LA REVALORISATION DES CULTURES DES TERROIRS PERMET DE CONSERVER NOTRE PATRIMOINE
Mbagnick Ndiaye, ministre de la culture et de la communication
Le ministre de la Culture et de la Communication tire un bilan satisfaisant de la huitième édition du Festival national des arts et cultures (Fesnac). Pour Mbagnick Ndiaye, la revalorisation des cultures des terroirs permettra de conserver notre patrimoine. Dans cet entretien, il aborde aussi la place de la culture dans le développement économique et social, le financement des projets des acteurs culturels, la protection sociale des artistes, mais également le vote du Code de la presse et le financement des médias de service public.
Monsieur le ministre, le Festival national des arts et cultures (Fesnac) vient de s'achever. Quel bilan peut-on tirer de l'édition de cette année ?
Le chef de l'Etat, en décidant de relancer le Fesnac, a vu juste parce que cette manifestation principale de l'agenda culturel du pays n'a pas été organisée depuis plusieurs années. Donc, relancer ce festival était un défi que toutes les régions ont relevé de par leur participation.
Tous les acteurs culturels ont salué le fait que cette activité ait redémarré. A Kaolack, nous avons été accueillis par le gouverneur de la région et tous les élus dont le maire, Mariama Sarr, et le président du Conseil départemental, Baba Ndiaye.
Nous avons passé trois jours d'intenses activités au cours desquelles il y a eu une cérémonie d'ouverture extraordinaire avec le défilé de toutes les régions du Sénégal pour montrer les différentes facettes de leurs activités. A cela, s'ajoute le colloque qui a regroupé des sommités de la région et des autres parties du pays. Il y a eu la belle intervention du recteur de l'Université du Sine-Saloum et d'éminentes personnalités du monde des arts et des amis venus de la sous-région.
Il en est de même aussi pour les partenaires financiers et les Organisations non gouvernementales (Ong) qui interviennent dans le secteur de la culture.
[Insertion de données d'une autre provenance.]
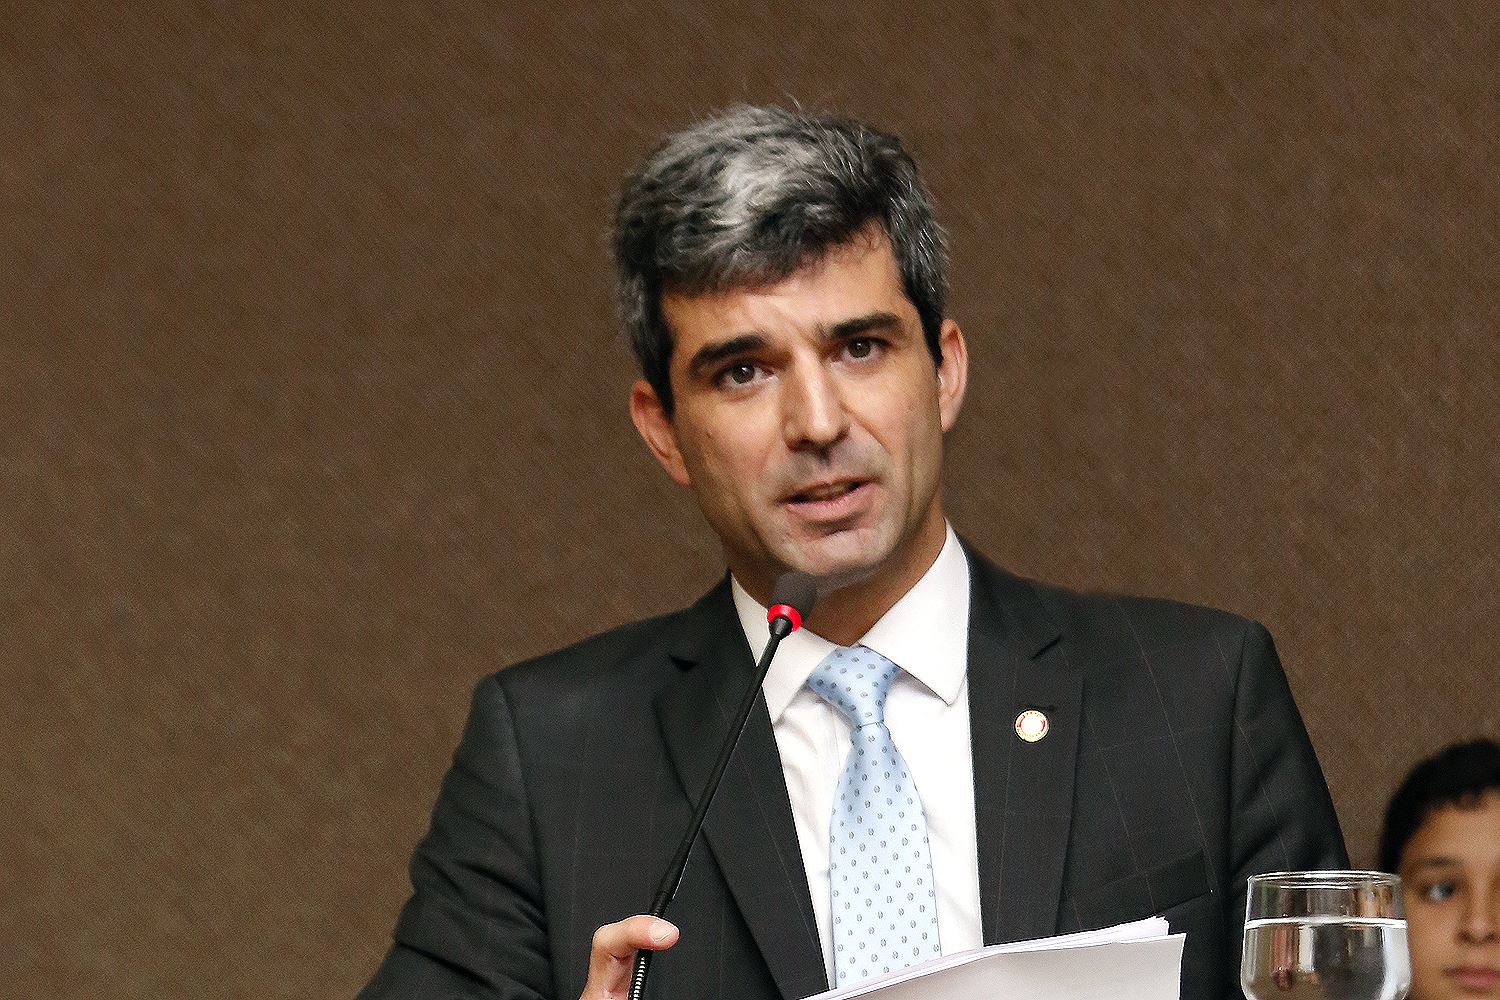 Juliano Costa Couto presidiu a Ordem dos Advogados do Brasil Seccional do Distrito Federal entre 2016 e 2018 | Foto: Divulgação/ OAB/DF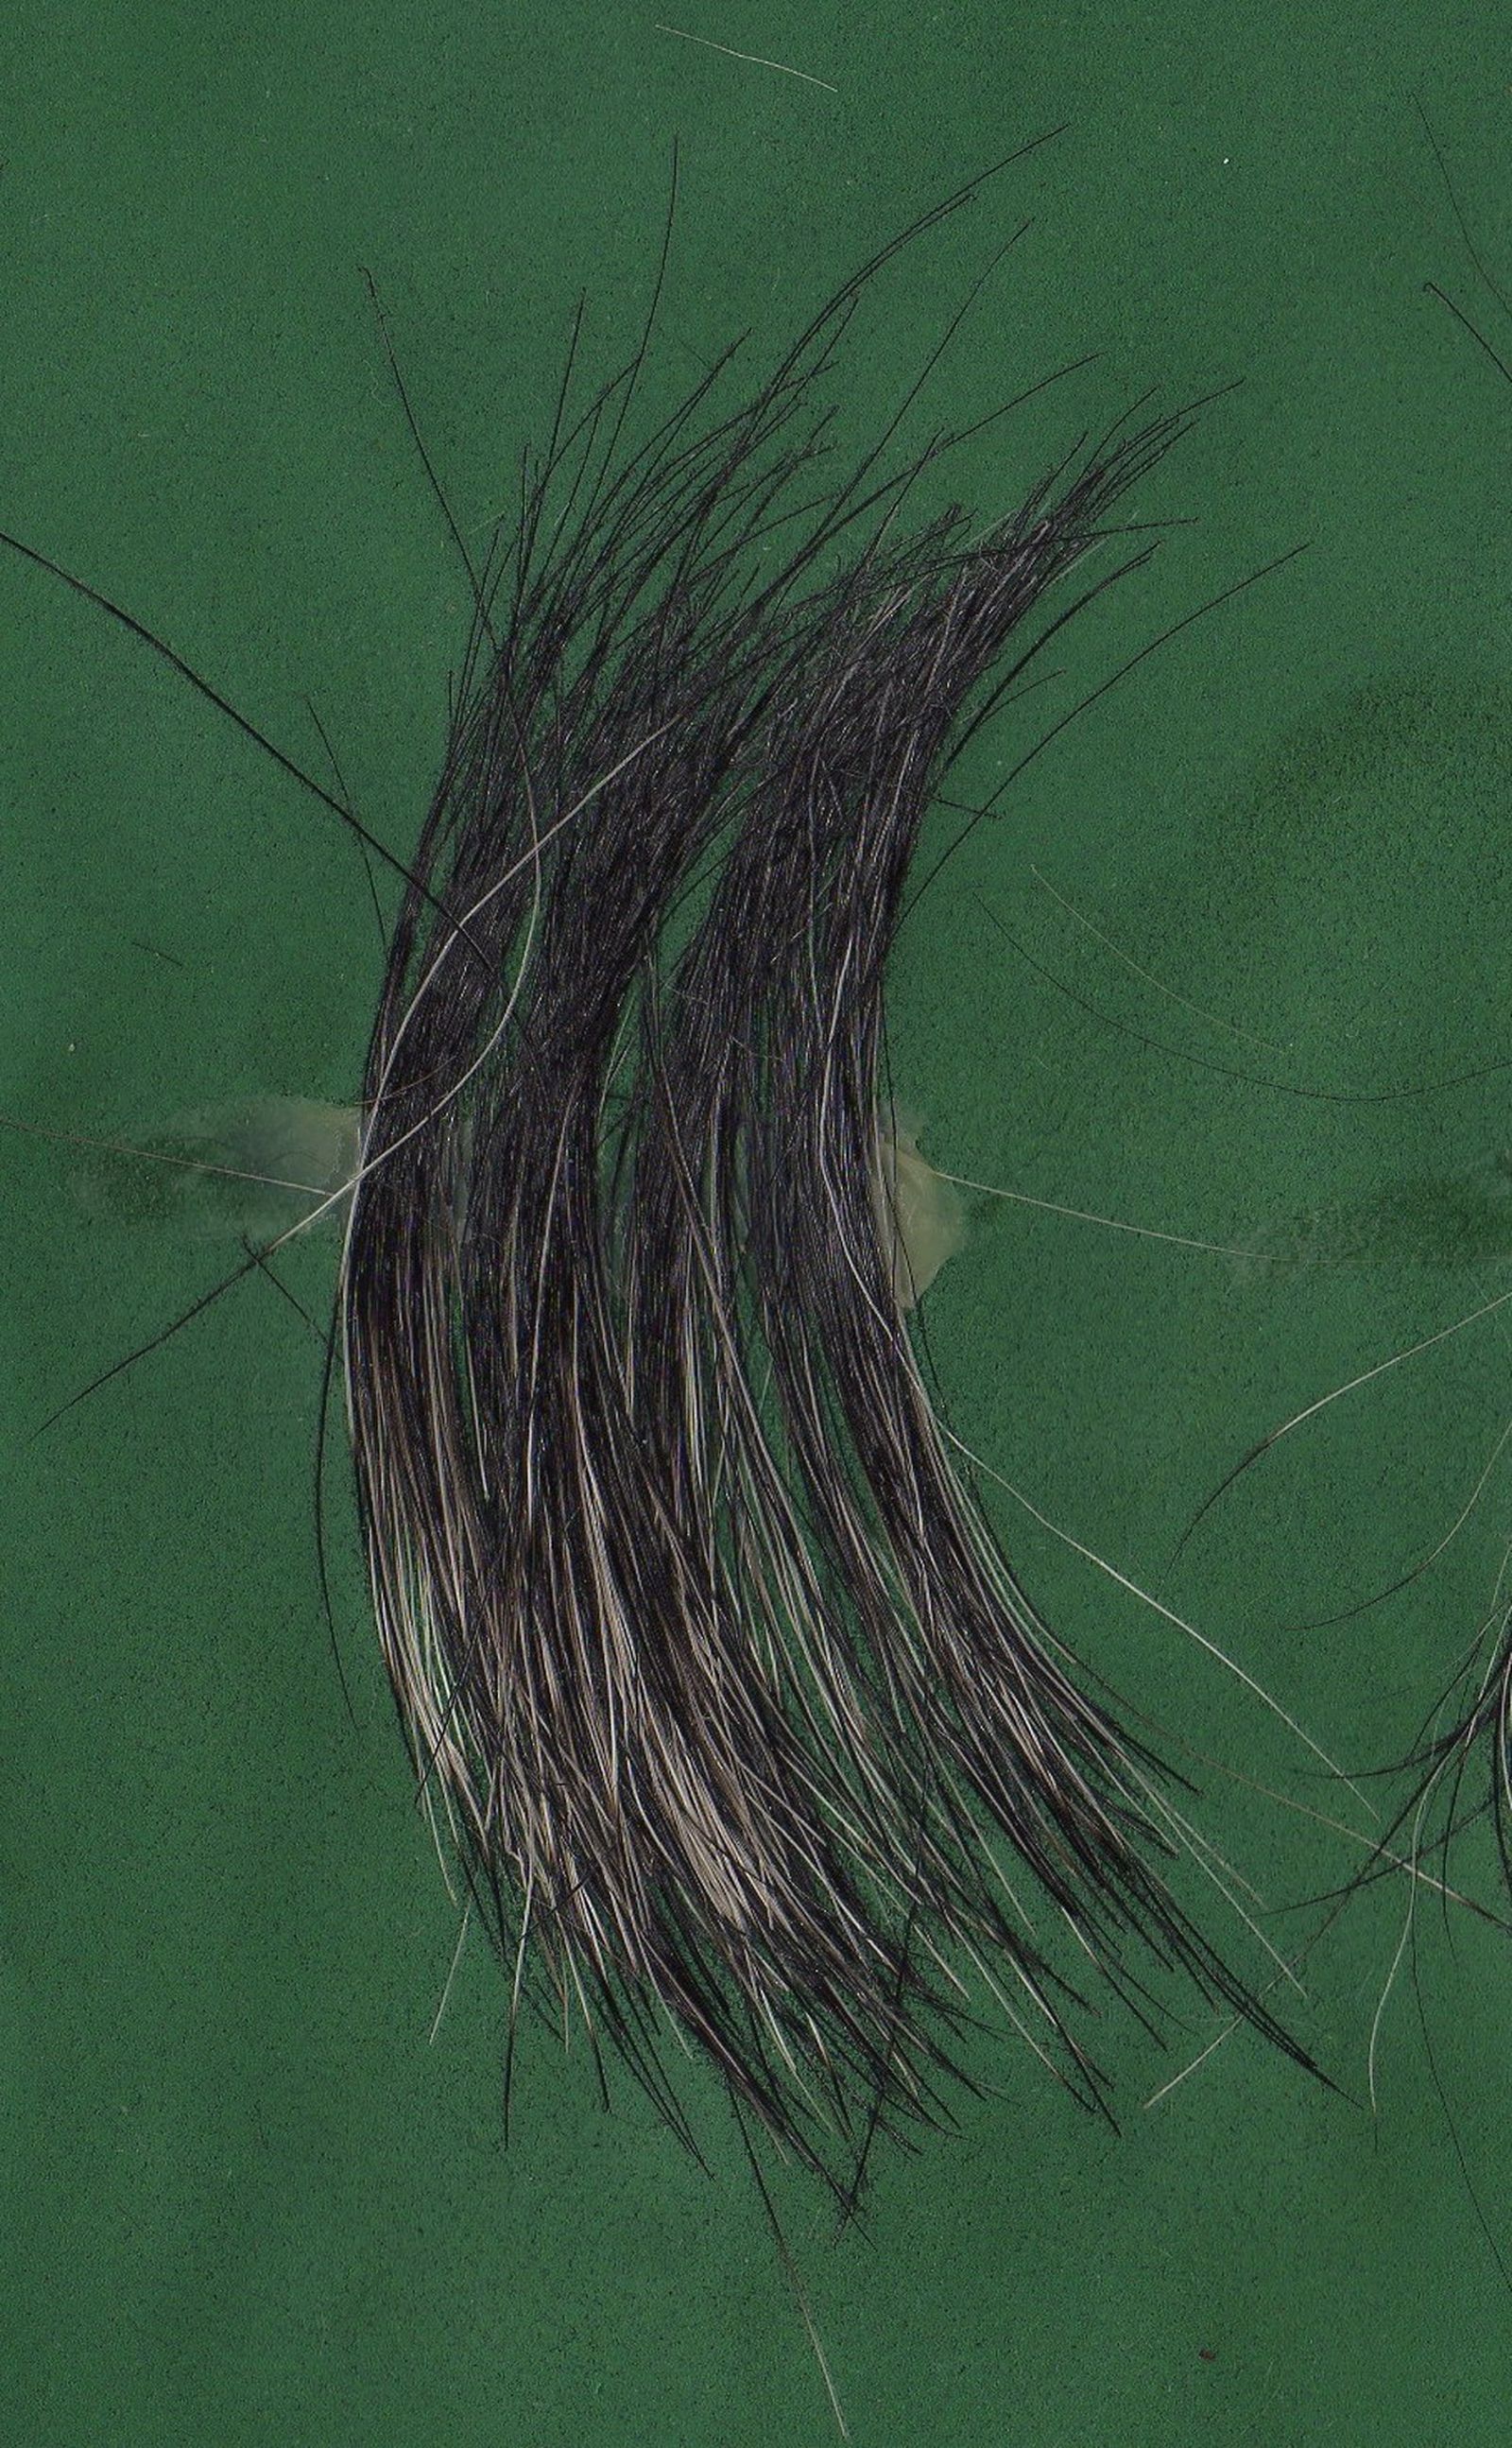 Kurzes und festes Haar in der Fellfarbe pfeffersalz vom Schnauzer auf grünem Untergrund im Großformat

La géniale idée de la « Jaatiguiya » a permis à tous les quartiers d'accueil de Kaolack de vivre au rythme de l'événement.
Je crois que le fait que la région de Kolda et de Louga rivalisent déjà pour organiser la prochaine édition et le fait que Kaolack ait souhaité que ce festival soit pérennisé dans la ville prouvent nettement que la relance était nécessaire.
« Diversité culturelle et économie des terroirs, quel rôle pour la jeunesse ? » a été choisi comme le thème de cette année. Aujourd'hui, quel doit être l'apport des collectivités dans le rayonnement de la diversité culturelle ?
Quand on visite les différents terroirs, le constat qui s'impose est qu'il y a plusieurs aspects culturels qui peuvent être mis à profit pour booster le développement local. Si l'on prend le patrimoine matériel, tout un circuit touristique local peut se faire autour de ce patrimoine. C'est également le cas des projets dans tous les secteurs ; que ce soit dans le secteur de la musique, de la danse, du théâtre, la lecture, nous pouvons véritablement essayer de mettre à profit les valeurs culturelles des terroirs pour élaborer des projets de développement, des projets bancables.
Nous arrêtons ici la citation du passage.